Last updated: July 2017
The Model 91 performs all the interruption functions defined for the IBM System/360. ... The supervisor call, external, machine check, and I/O interruptions are logically handled as defined. However, the performance objectives of the Model 91 require some deviations in the handling of program exceptions. The program-exception deviations are basically those resulting from an operation that has been sent by the instruction processor to another element for execution, and the current PSW no longer references the operation. Consequently, the interruption-causing instruction cannot be directly identified, and such a program interruption is described as being imprecise.[Almost two pages of details follow, including the description of a no-operation instruction (a particular encoding of the BCR instruction) that acts as a barrier instruction and causes all previously-decoded instructions to complete before it can execute. There is a note that stores can execute out of order and that channel programs may require the use of the nop-barrier instruction.]
Interrupts, as architecturally constrained, are a major bottleneck to performance in the assembly line organization. Strict adherence to a specification which states that an interrupt on instruction n should logically precede and inhibit any action from being taken on instruction n + 1 leaves two alternatives.

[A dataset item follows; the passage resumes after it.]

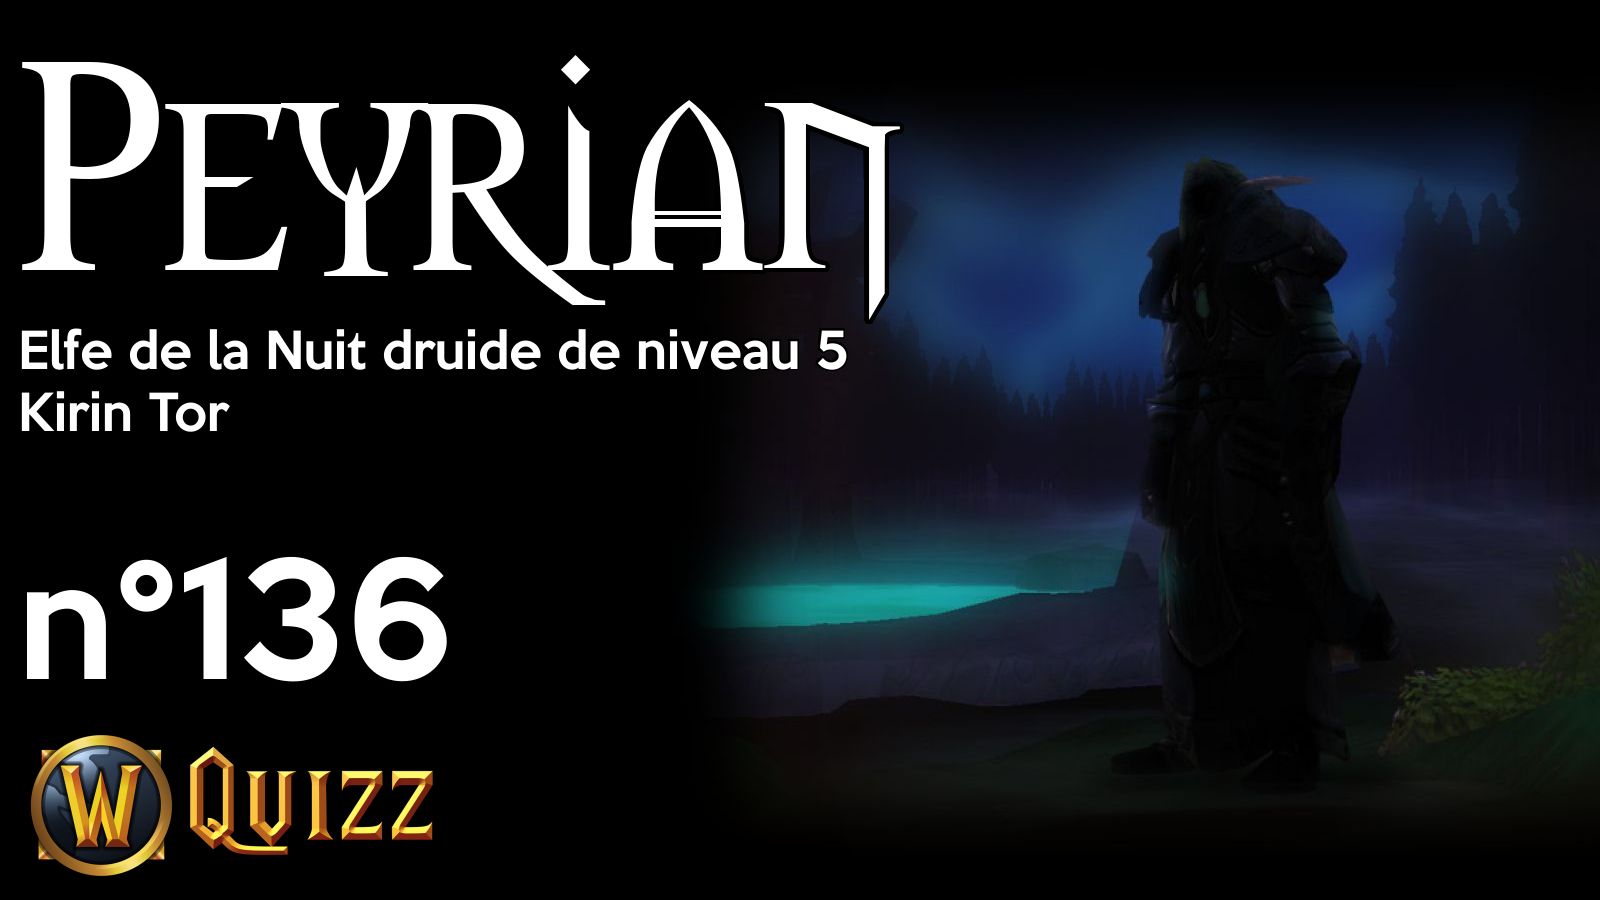 Peyrian, Elfe de la Nuit druide de niveau 5, Kirin Tor
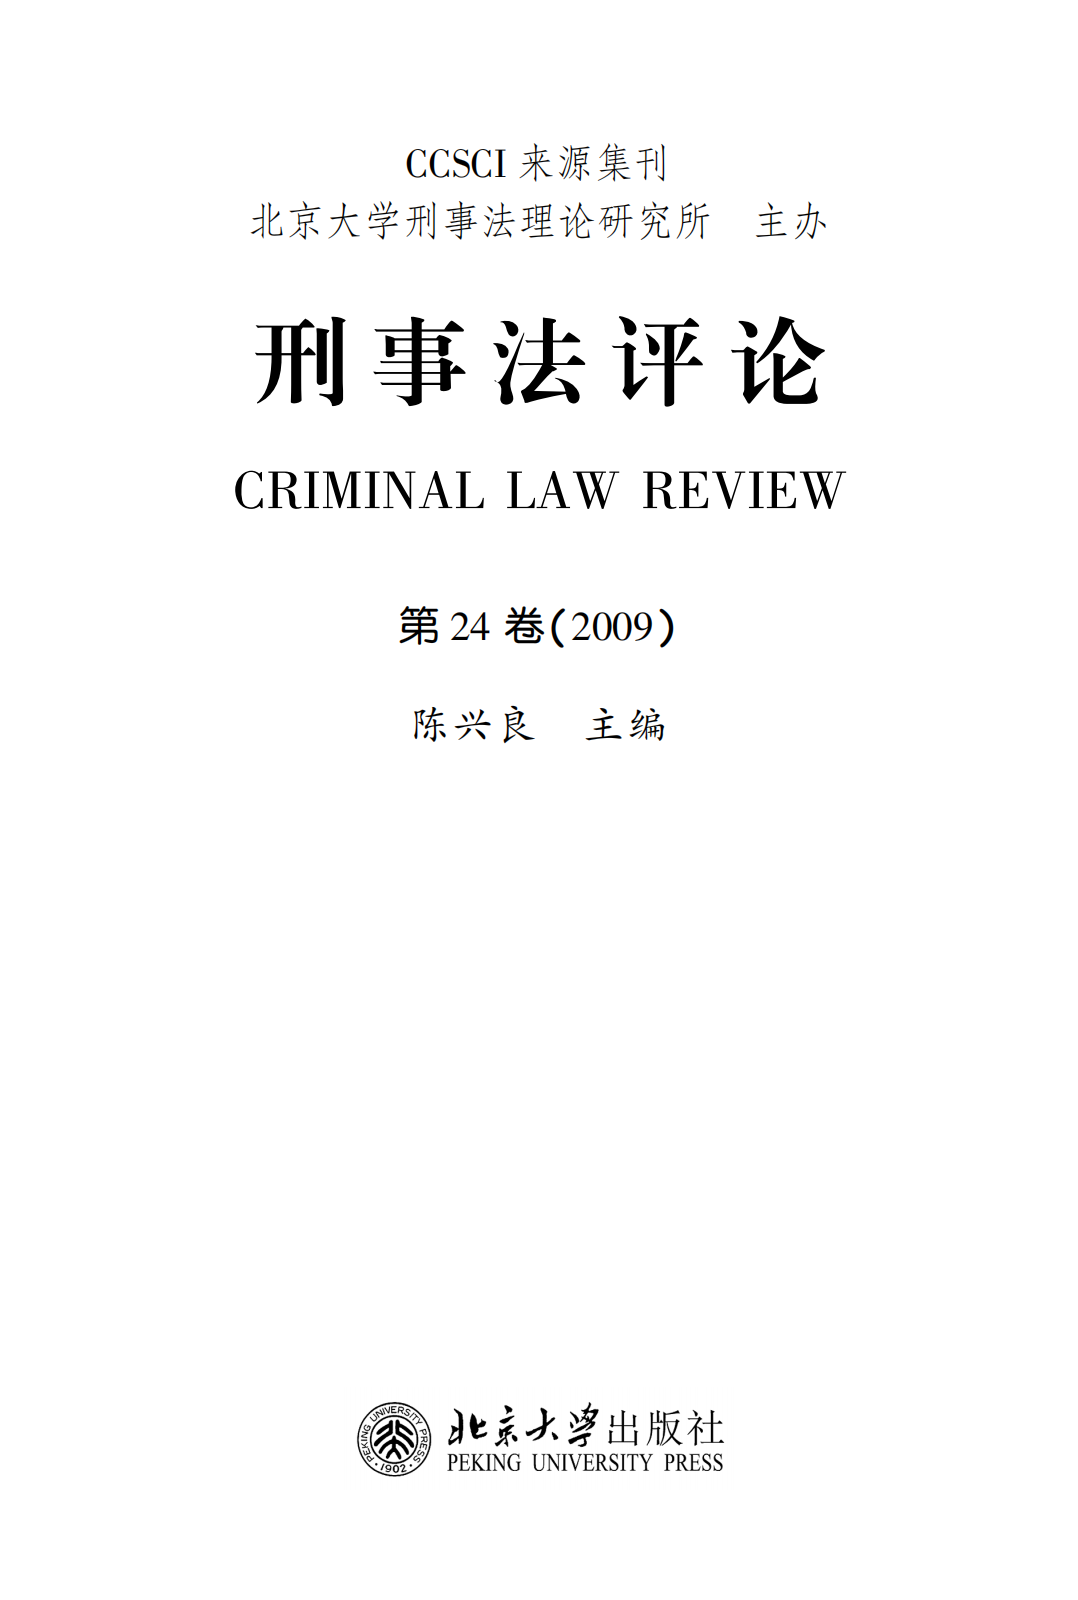 提取自刑事法评论（第24卷）_00.png

The first would be to force sequentialism between instructions which may lead to an interrupt. In view of the variety of interrupt possibilities defined, this course would totally thwart high performance and is necessarily discarded. The second is to set aside sufficient information to permit recovery from any interrupt which might arise. In view of the pipeline and execution concurrency which allows the Model 91 to advance many instructions beyond n prior to its execution, and to execute independent instructions out of sequence (n + m before n), the recovery problem becomes extremely complex and costly. Taking this approach would entail hardware additions to the extent that it would severely degrade the performance one is seeking to enhance. The impracticality of both alternatives by which the interrupt specifications could be met made it mandatory that the specifications themselves be altered. The architecture was compromised by removing the above-mentioned "precedence" and "inhibit" requirements. The specification change led to what is termed the "imprecise interrupt" philosophy of the Model 91 and reduced the interrupt bottleneck to an instruction supply discontinuity.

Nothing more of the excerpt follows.